Squad (Stanford question answering Dataset), initiated by Stanford University Zigan, is not unfamiliar with the text understanding Challenge, and it is also known as the "imagenet of the machine reading comprehension community". A number of research teams from the global academia and industry are actively involved in the recent machine reading comprehension has made a lot of breakthroughs, so these two days just have time to learn about some of the open source framework involved.
The squad dataset contains 100,000 (issues, the original, the answer) ternary group, the original text from 536 Wikipedia articles, and the construction of questions and answers is mainly through the way of crowdsourcing, so that the callout staff to raise up to 5 questions based on the content of the article and provide the correct answer, and the answer appears in the original. That is, given the document D, given the question Q, answer a is a text span in D.

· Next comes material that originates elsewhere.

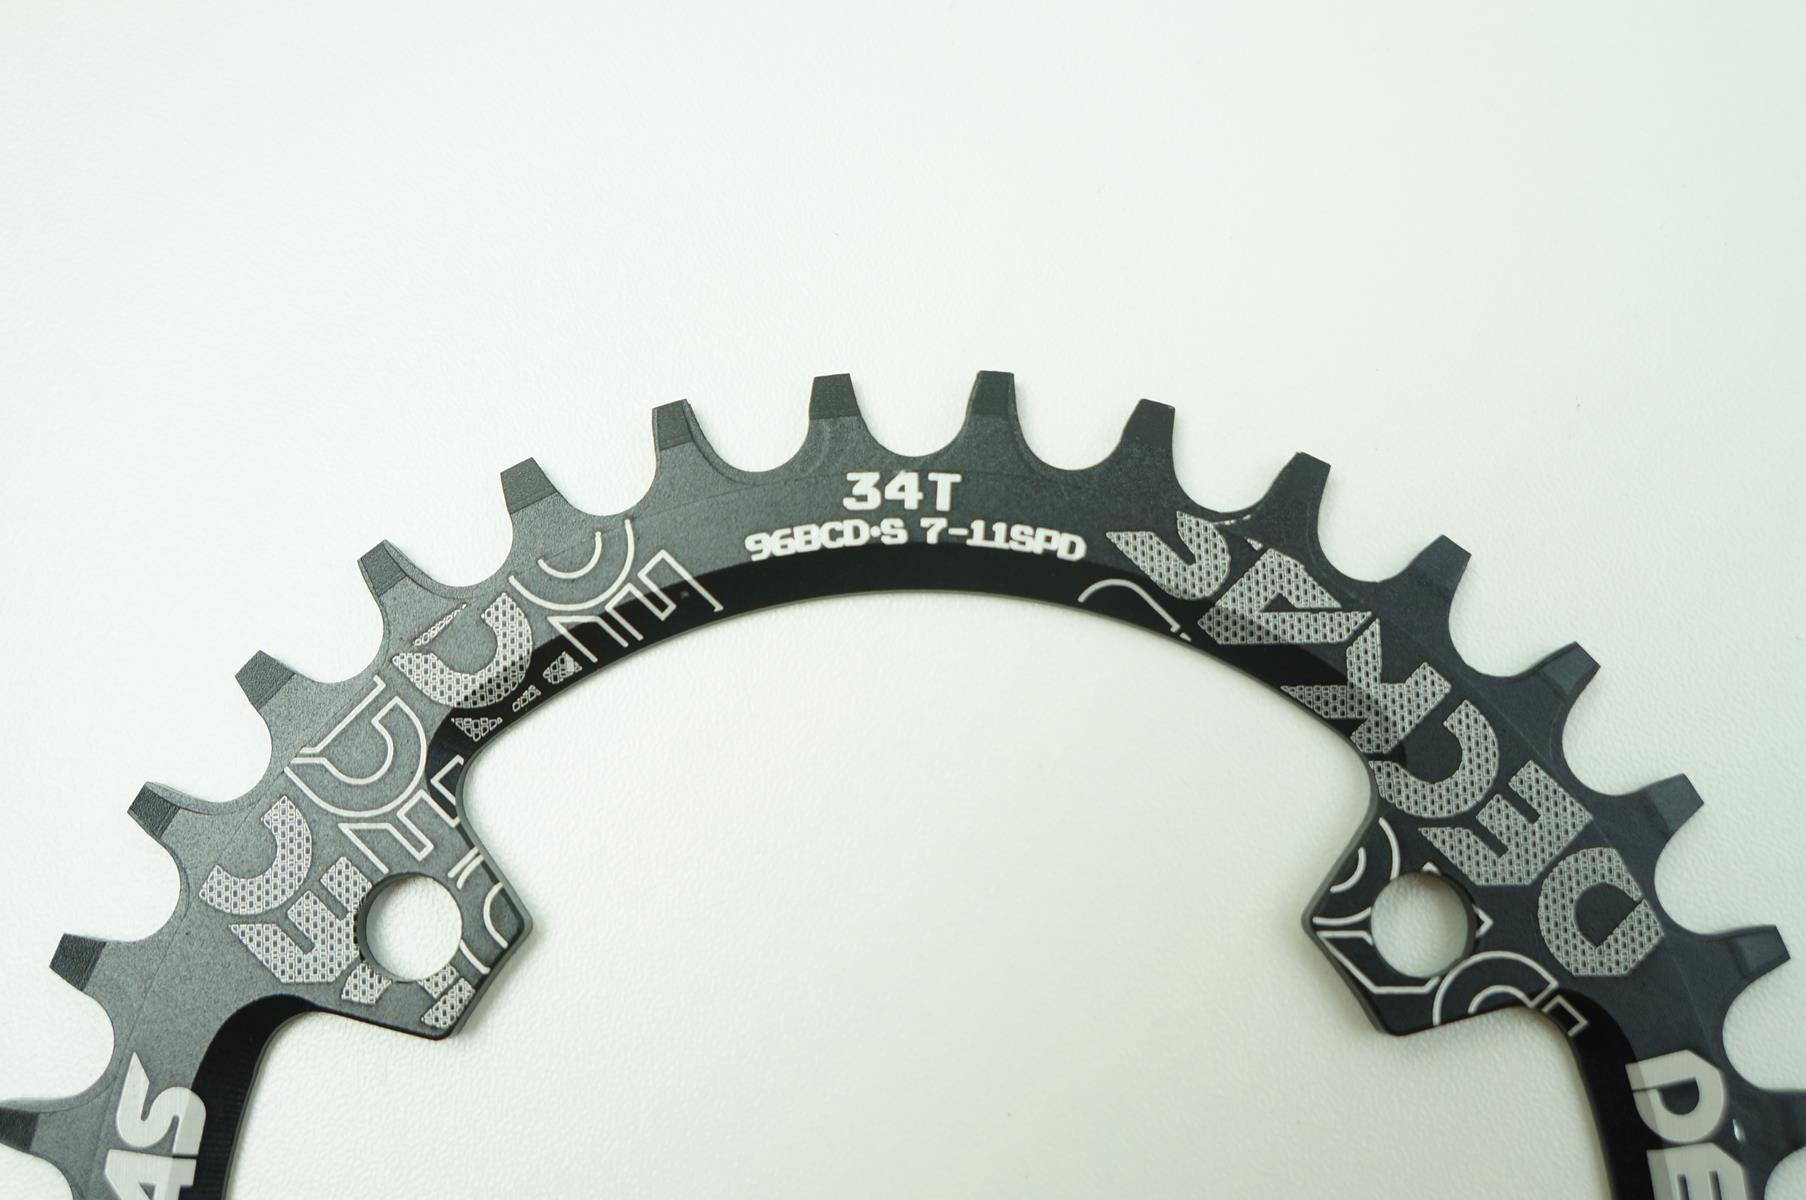 Coroa Unica Mtb Deckas 32 34 36 38 dentes Bcd 96mm Narrow wide Pedivela XT M8000 SLX M7000
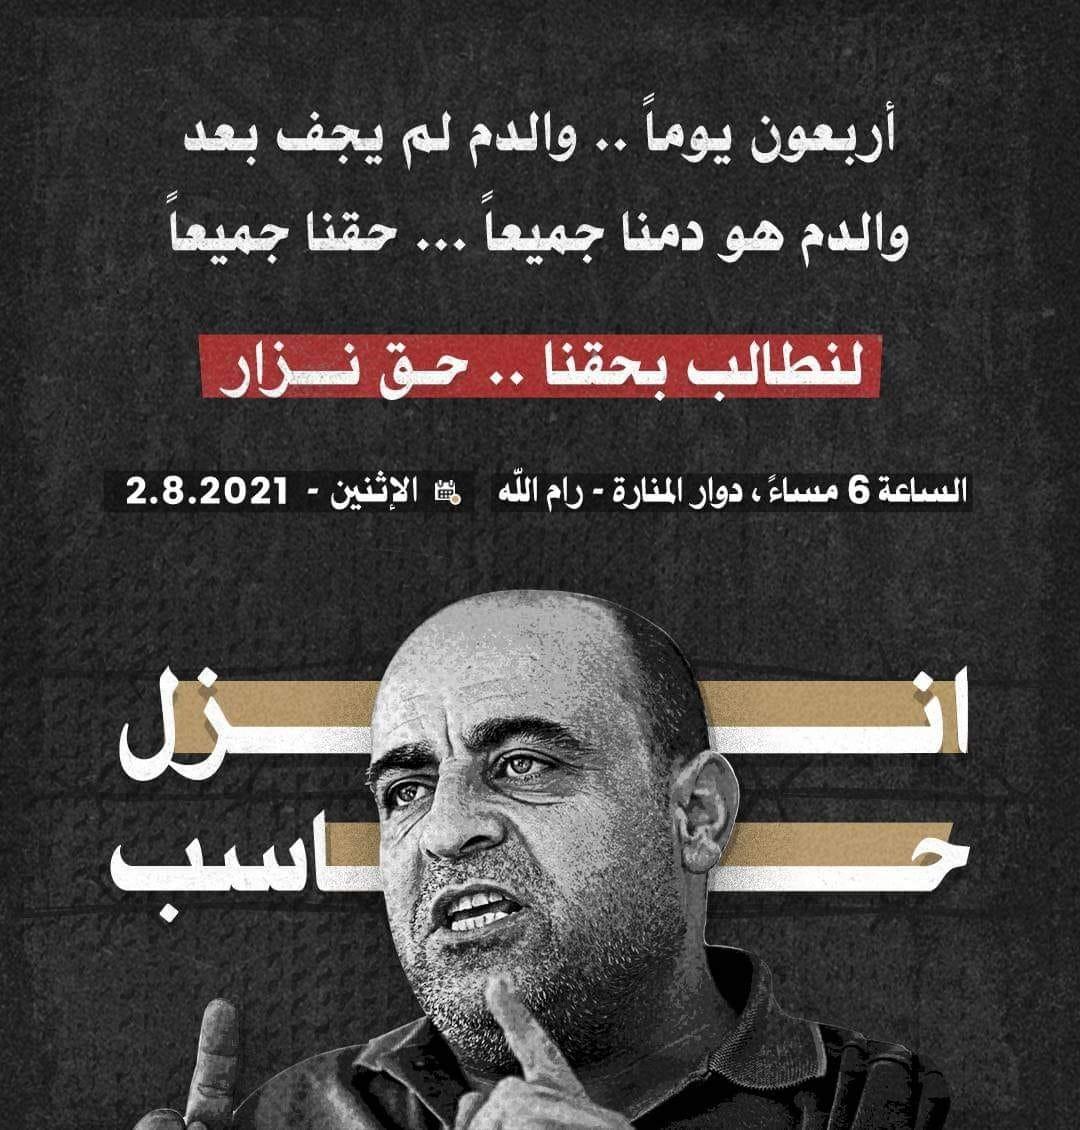 دعوة للمشاركة في مسيرة برام الله نزار بنات.jpg

In Microsoft's official article (from short to long, how computers learn reading comprehension), machine reading comprehension is one of the higher difficulty coefficients in natural language processing tasks, such as squad problem and answer has very rich diversity. These five questions may involve a person in the article, a location, or a time, and so on, and may ask some questions about why (Why) and how. The latter answer may actually be a sentence, or even a short sentence, so solving the problem is only trickier.
1. Basic principle
Today's practice algorithm is Microsoft's proposed r-net, its architecture is as follows:
The model is also divided into four layers.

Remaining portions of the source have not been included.